Retired Indiana Chief Justice Randy Shepard, who acted as emcee for the celebration, surprised Krauss by announcing that PPI and the School for Public and Environmental Affairs (SPEA) had decided to present the first John L. Krauss Award for Public Policy Innovation at the event. “How could the first recipient be anyone other than John Krauss?” asked Shepard, PPI’s Executive-in -Residence.

The John L. Krauss Award for Public Policy Innovation will be given annually to an individual for applied research or activities that create “real world” difference and help Indiana and its communities move forward. Honorees will be chosen by a committee of students, current and retired PPI staff, community members, and SPEA faculty. The winners will receive a cash award and an original piece of art.

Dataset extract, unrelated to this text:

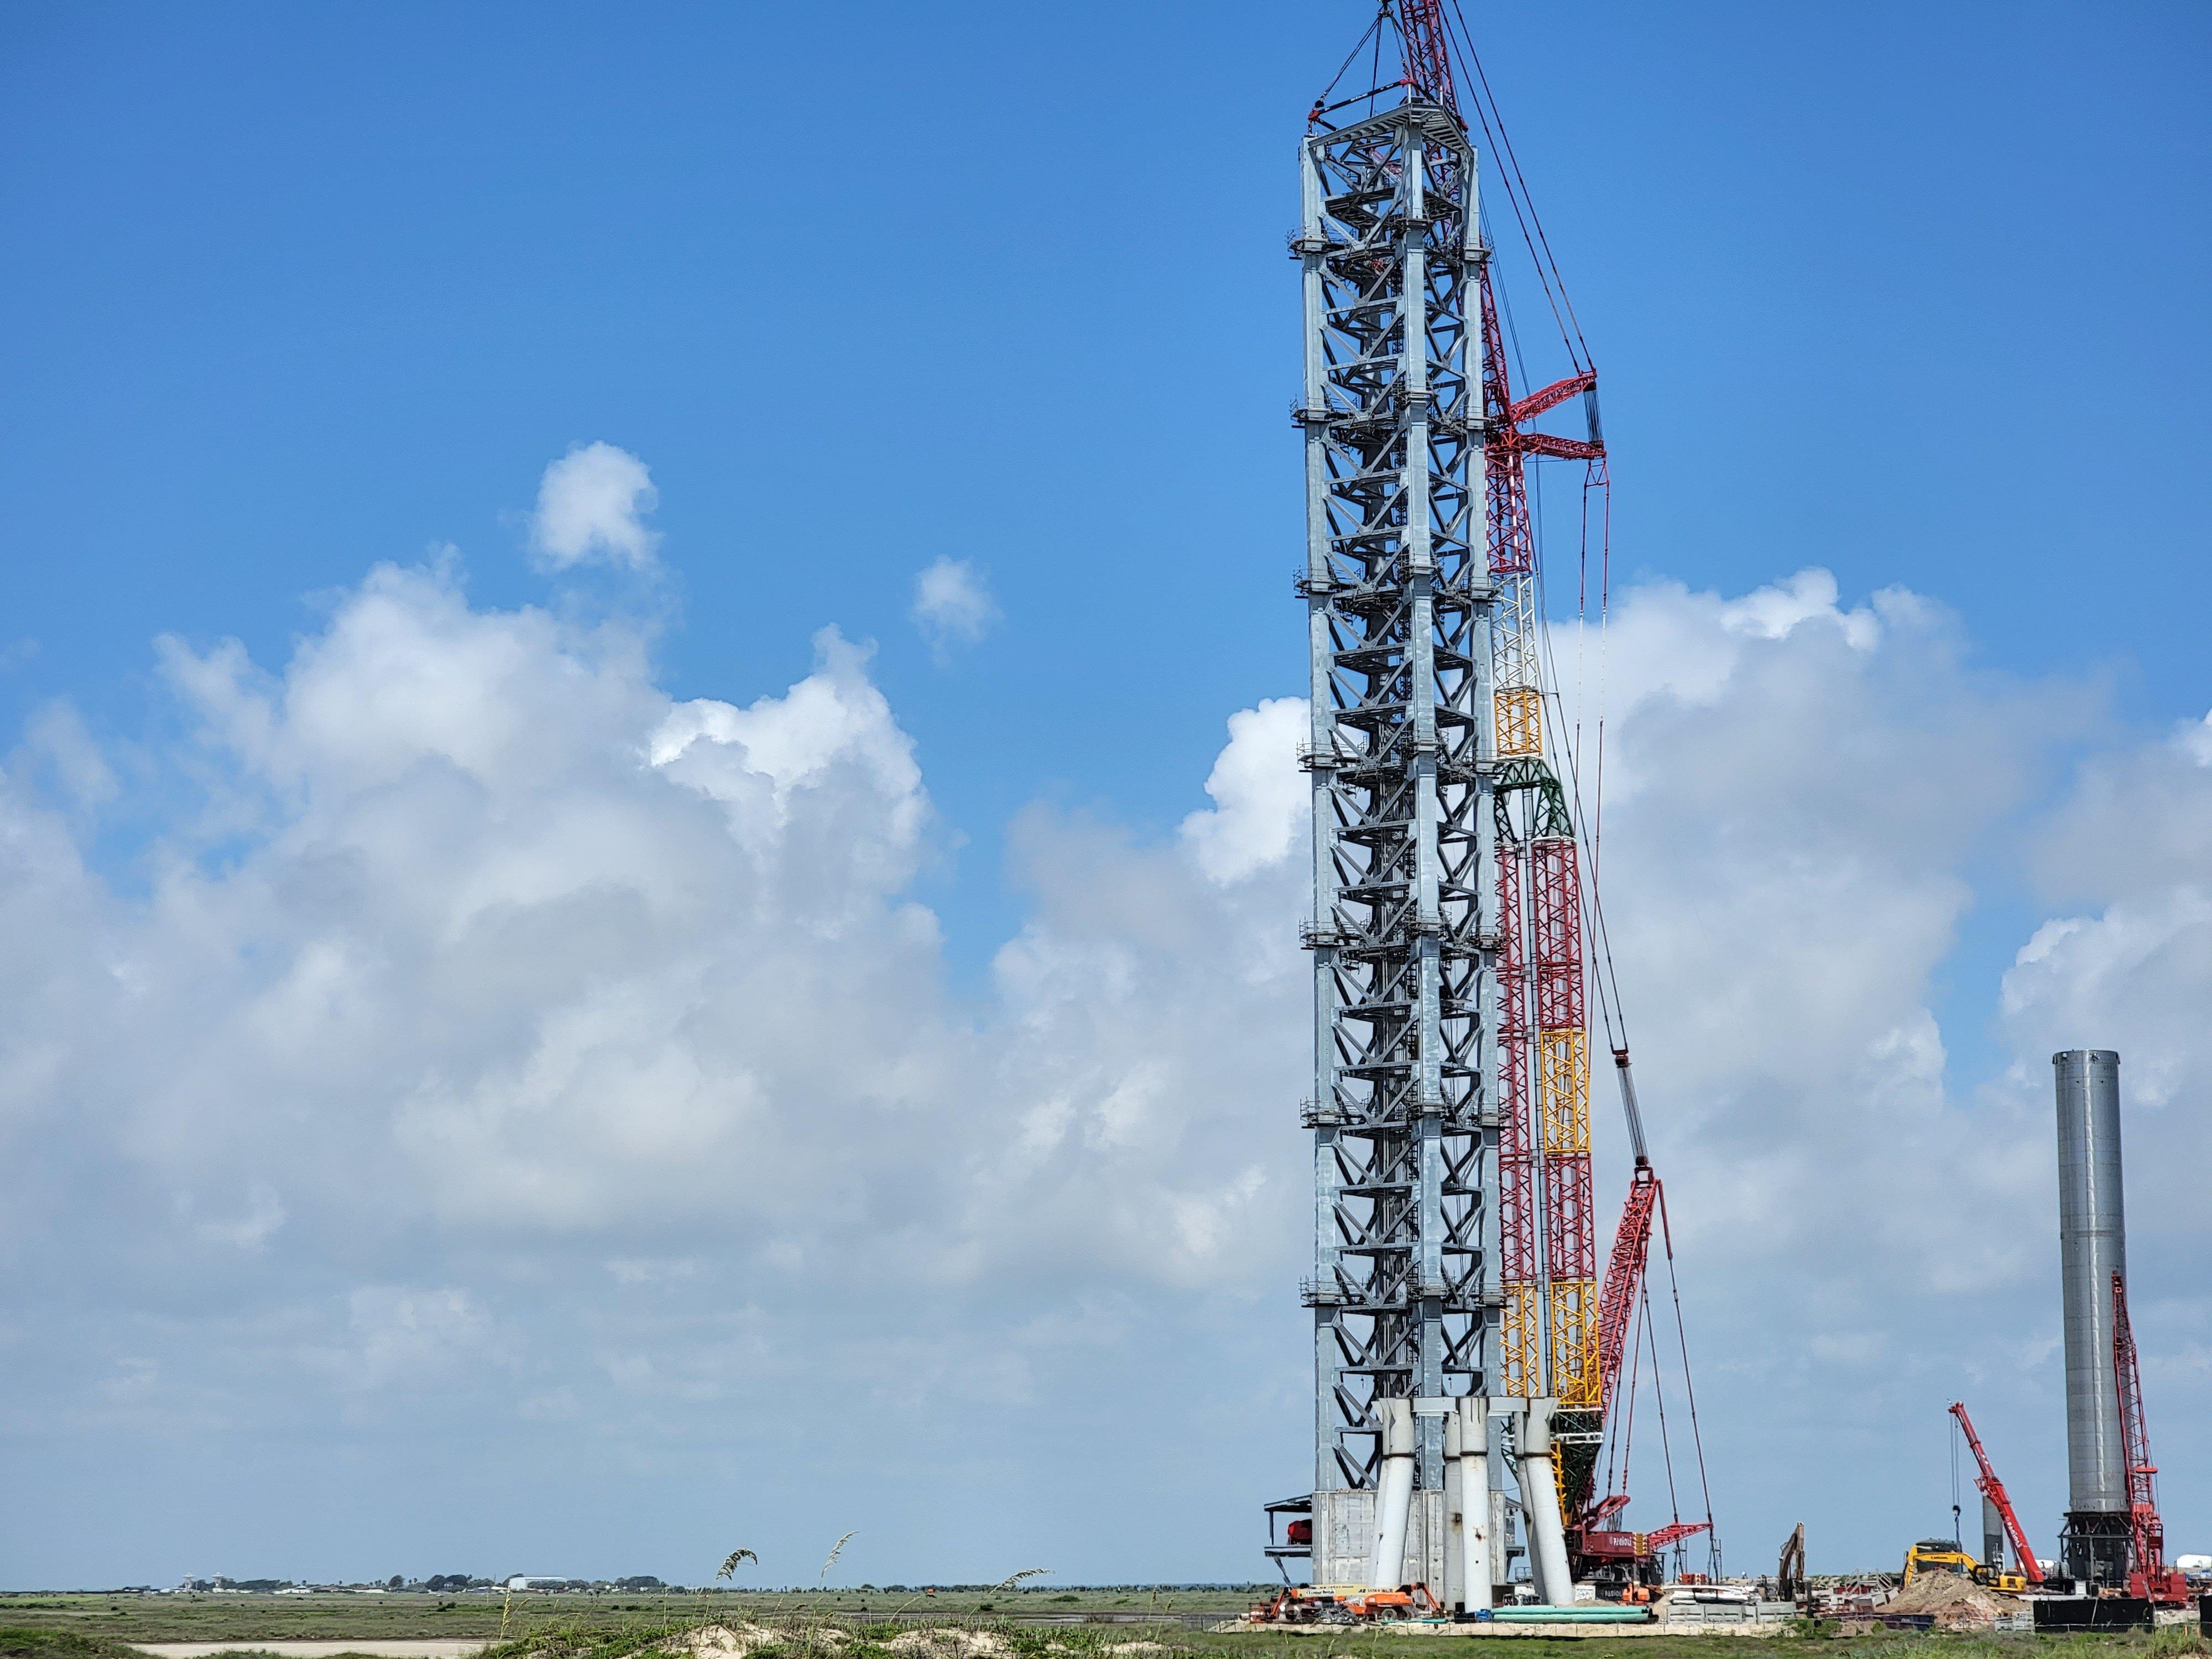 Строится башня для удержания сверхтяжёлой ракеты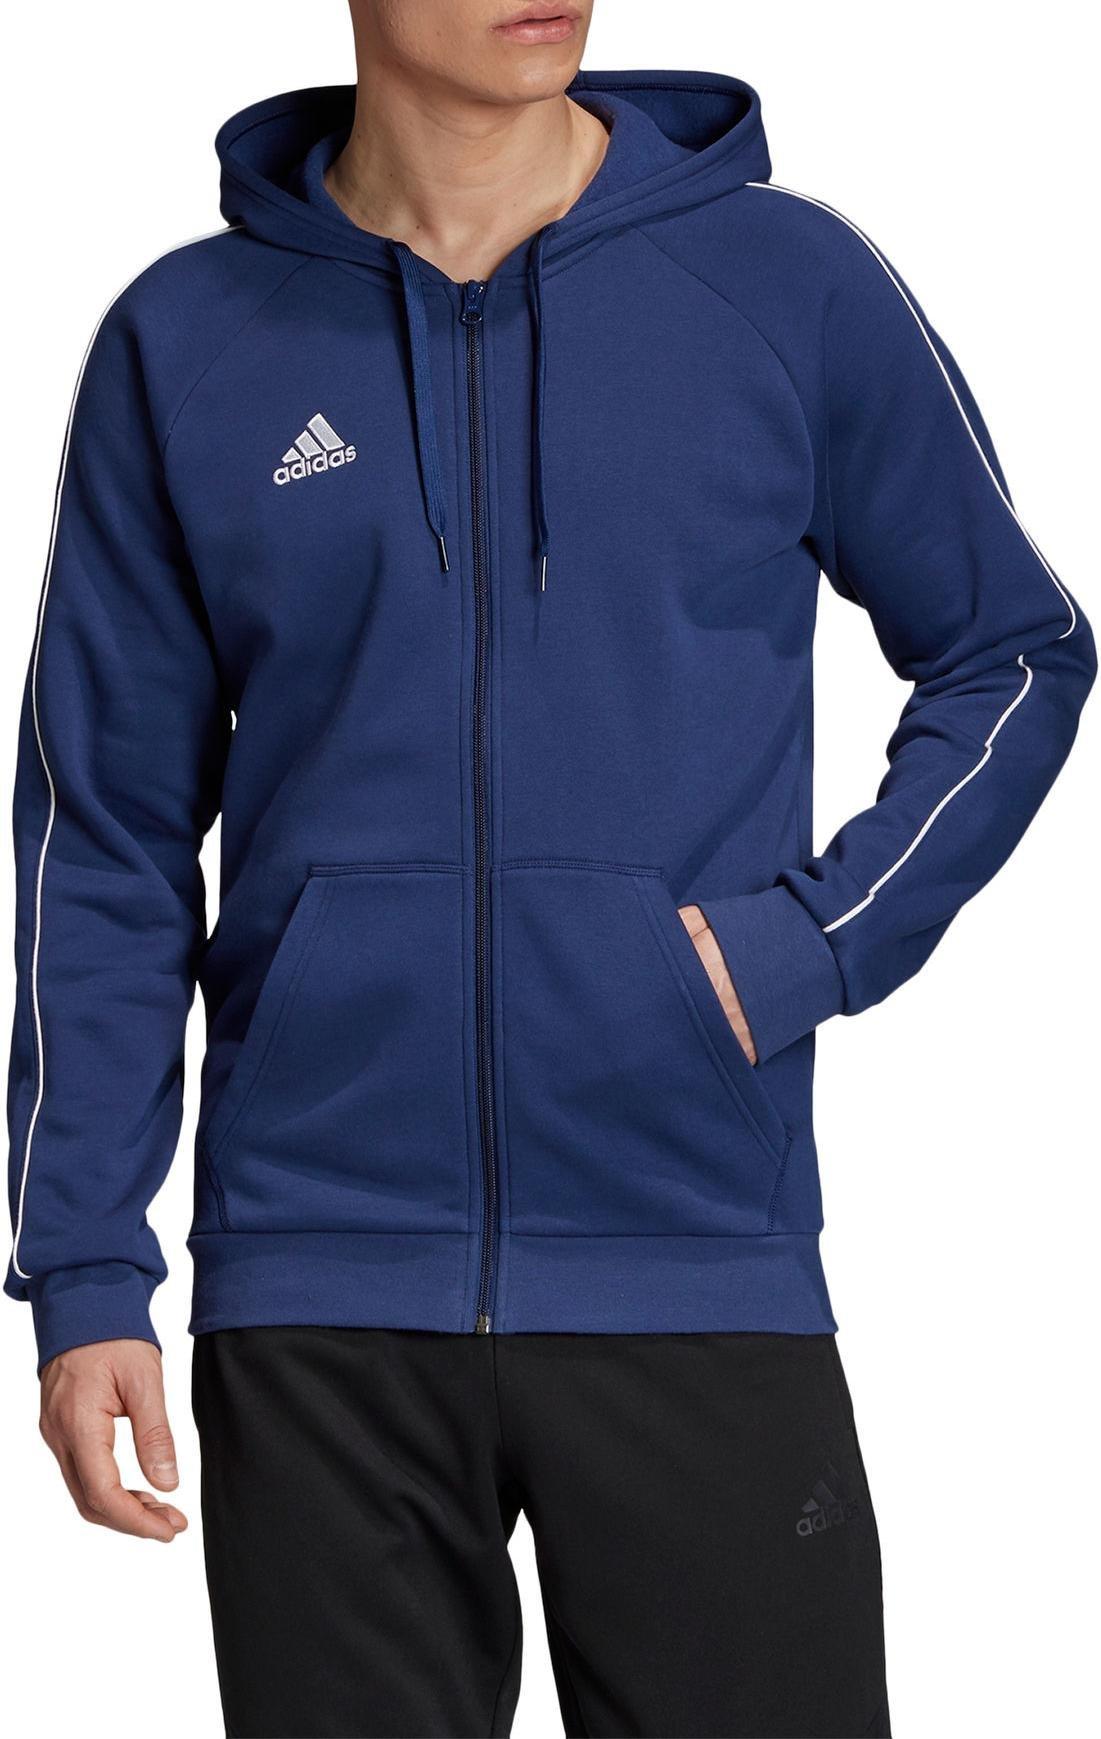 Mikina s kapucňou adidas CORE18 FZ HOODY

Krauss will step down later this month, leaving an organization he helped create and that he has served for more than two decades. “With John at its helm, the IU Public Policy Institute published more than 1,000 reports, articles and briefs, addressing issues ranging from energy and the environment, traffic safety, gaming, housing, parks and more,” Shepard said. “Five governors, four mayors of Indianapolis and scores of other local officials and community leaders have relied on PPI.”

Krauss will continue to teach classes at the IU McKinney School of Law and work with the university part-time on projects, and he pledged to remain involved in his city and state.

IU and SPEA are conducting a search to replace Krauss as director of PPI.